··· INPUT RECORDS ···
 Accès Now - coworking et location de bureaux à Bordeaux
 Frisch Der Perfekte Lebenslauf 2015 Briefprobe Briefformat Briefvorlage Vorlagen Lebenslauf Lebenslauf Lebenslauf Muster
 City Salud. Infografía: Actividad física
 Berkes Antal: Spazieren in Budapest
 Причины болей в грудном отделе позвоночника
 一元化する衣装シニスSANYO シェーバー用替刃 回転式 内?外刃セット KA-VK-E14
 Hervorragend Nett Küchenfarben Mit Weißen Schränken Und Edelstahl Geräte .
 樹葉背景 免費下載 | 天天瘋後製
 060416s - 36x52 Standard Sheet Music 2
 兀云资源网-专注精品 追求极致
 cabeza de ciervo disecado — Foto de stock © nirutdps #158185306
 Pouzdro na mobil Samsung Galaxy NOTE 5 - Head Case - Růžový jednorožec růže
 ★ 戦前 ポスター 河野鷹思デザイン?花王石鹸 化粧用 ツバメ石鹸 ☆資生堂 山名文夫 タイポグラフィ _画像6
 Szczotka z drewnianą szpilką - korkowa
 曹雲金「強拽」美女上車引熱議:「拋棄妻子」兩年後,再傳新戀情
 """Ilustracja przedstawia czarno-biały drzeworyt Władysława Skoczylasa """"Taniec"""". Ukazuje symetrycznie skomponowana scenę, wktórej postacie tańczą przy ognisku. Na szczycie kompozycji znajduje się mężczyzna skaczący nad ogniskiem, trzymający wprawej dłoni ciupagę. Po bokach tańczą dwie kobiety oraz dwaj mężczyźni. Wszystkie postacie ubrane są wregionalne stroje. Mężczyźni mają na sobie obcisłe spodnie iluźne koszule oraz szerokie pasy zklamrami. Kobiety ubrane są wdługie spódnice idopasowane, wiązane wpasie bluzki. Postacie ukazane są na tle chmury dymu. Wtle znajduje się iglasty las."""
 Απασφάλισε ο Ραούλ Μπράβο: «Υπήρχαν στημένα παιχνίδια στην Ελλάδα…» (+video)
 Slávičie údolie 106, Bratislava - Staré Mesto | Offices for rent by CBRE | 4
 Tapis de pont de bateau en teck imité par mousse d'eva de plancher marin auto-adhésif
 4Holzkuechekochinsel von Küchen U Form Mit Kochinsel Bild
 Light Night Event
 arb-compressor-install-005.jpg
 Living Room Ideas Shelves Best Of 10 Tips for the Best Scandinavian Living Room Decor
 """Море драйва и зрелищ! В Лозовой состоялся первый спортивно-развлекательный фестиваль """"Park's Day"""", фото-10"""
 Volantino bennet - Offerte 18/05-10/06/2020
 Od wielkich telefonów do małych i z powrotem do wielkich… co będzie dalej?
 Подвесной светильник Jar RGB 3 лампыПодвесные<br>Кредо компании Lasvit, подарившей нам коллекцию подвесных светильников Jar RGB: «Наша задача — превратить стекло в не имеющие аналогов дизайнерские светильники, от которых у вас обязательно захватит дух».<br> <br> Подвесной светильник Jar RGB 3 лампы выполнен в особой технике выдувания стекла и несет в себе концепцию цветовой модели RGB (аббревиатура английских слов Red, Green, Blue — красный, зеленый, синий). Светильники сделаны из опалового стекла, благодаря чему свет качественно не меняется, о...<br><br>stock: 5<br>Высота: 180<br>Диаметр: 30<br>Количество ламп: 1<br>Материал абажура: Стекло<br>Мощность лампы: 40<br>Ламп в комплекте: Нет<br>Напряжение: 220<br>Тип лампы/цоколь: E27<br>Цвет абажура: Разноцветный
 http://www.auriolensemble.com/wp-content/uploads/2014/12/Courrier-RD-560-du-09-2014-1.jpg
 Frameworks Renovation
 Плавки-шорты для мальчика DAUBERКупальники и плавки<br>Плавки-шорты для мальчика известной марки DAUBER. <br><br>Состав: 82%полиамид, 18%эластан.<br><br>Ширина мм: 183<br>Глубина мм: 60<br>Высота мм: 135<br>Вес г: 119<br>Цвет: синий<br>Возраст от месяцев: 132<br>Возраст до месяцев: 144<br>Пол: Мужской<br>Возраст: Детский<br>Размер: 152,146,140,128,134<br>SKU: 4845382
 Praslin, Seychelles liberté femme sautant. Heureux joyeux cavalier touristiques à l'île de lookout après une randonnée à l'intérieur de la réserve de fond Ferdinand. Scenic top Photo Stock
···
Above are the records; from them, give again exactly the lines from the one containing "Berkes Antal: Spazieren in Budapest" to the one containing "樹葉背景 免費下載 | 天天瘋後製", both lines included, and nothing more.

 Berkes Antal: Spazieren in Budapest
 Причины болей в грудном отделе позвоночника
 一元化する衣装シニスSANYO シェーバー用替刃 回転式 内?外刃セット KA-VK-E14
 Hervorragend Nett Küchenfarben Mit Weißen Schränken Und Edelstahl Geräte .
 樹葉背景 免費下載 | 天天瘋後製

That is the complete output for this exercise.